No representation or warranty is given as to the accuracy, likelihood of achievement or reasonableness of any figures, forecasts, prospects or returns (if any) contained in the message. Such figures, forecasts, prospects or returns are by their nature subject to significant uncertainties and contingencies. The assumptions and parameters used by www.enziovonpfeil.com (evp.com) are not the only ones that might reasonably have been selected and therefore evp.com does not guarantee the sequence, accuracy, completeness or timeliness of the information provided herein. None of evp.com, its members or any of their employees or directors shall be held liable, in any way, for any claims, mistakes, errors or otherwise arising out of or in connection with the content of any form of communication, documentation included in the Blog, via e-mail or any other form of communication.

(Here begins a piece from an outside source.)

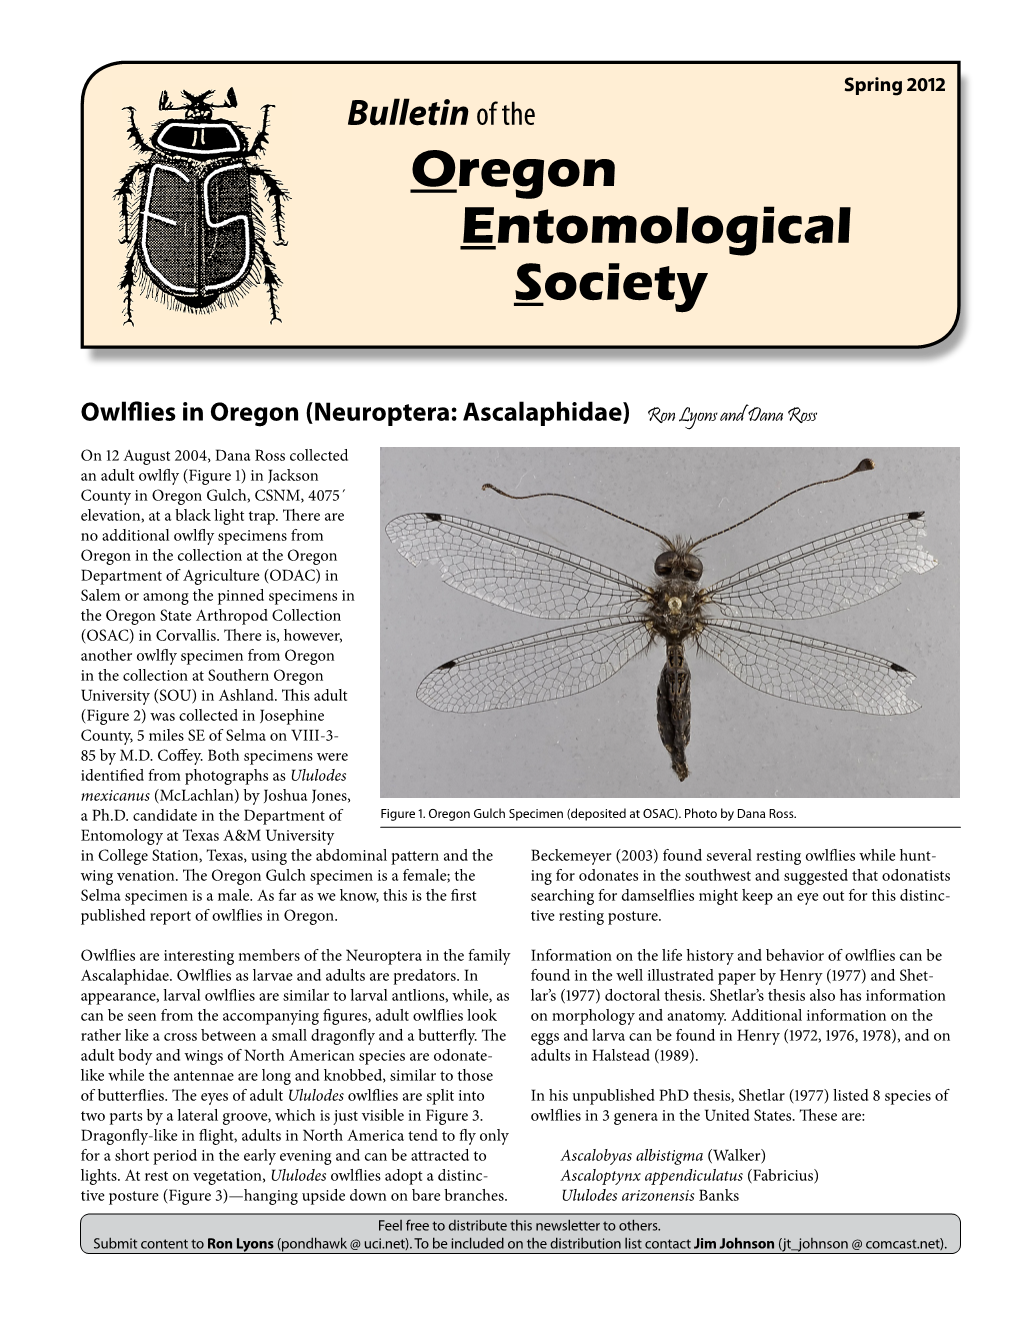 Spring 2012 Bulletin of the Oregon Entomological Society

You are reminded that the content is for personal use and general information only. Under no circumstances is the content intended for and hence the content should not be regarded as an offer or solicitation or recommendation to dispose/sell, an offer or solicitation or recommendation to subscribe in, nor an offer or solicitation or recommendation to buy/acquire and under no circumstances should the content be constituted as provision of any recommendation or investment advice on any securities, investment products, investment arrangements and any other form of investments or legal, tax or other professional advice and therefore should not be relied upon in that regard for making any decision. Unless specifically stated, neither the information nor any opinion contained herein constitutes as an advertisement, an invitation, a solicitation, a recommendation or advice to buy or sell any products, services, securities, futures, options, other financial instruments or provide any investment advice or service by evp.com.

Unless stated otherwise, any opinions or views expressed in this communication may not represent those of evp.com. Opinions or views expressed in this communication may differ from those of other departments or third parties, including any opinions or views expressed in any research issued by evp.com.

Any e-mail and any accompanying attachments are not encrypted and cannot be guaranteed to be secure, complete or error-free as electronic communications may be intercepted, corrupted, lost, destroyed, delayed or incomplete, and/or may contain viruses. EvP.com, therefore, does not accept any liability for any interception, corruption, loss, destruction, incompleteness, viruses, errors, omissions or delays in relation to this electronic communication. If verification is required please request a hard-copy version. Electronic communications carried within the evp.com system may be monitored. Any communication or message in email form or otherwise may contain confidential information. Any use, dissemination, distribution or reproduction of the relevant information outside the original recipients of any messages  is strictly prohibited. If you receive a message by mistake, please notify the sender by reply email immediately and permanently delete the emails and its contents. Unless otherwise stated, any communication provided is solely for information purposes only.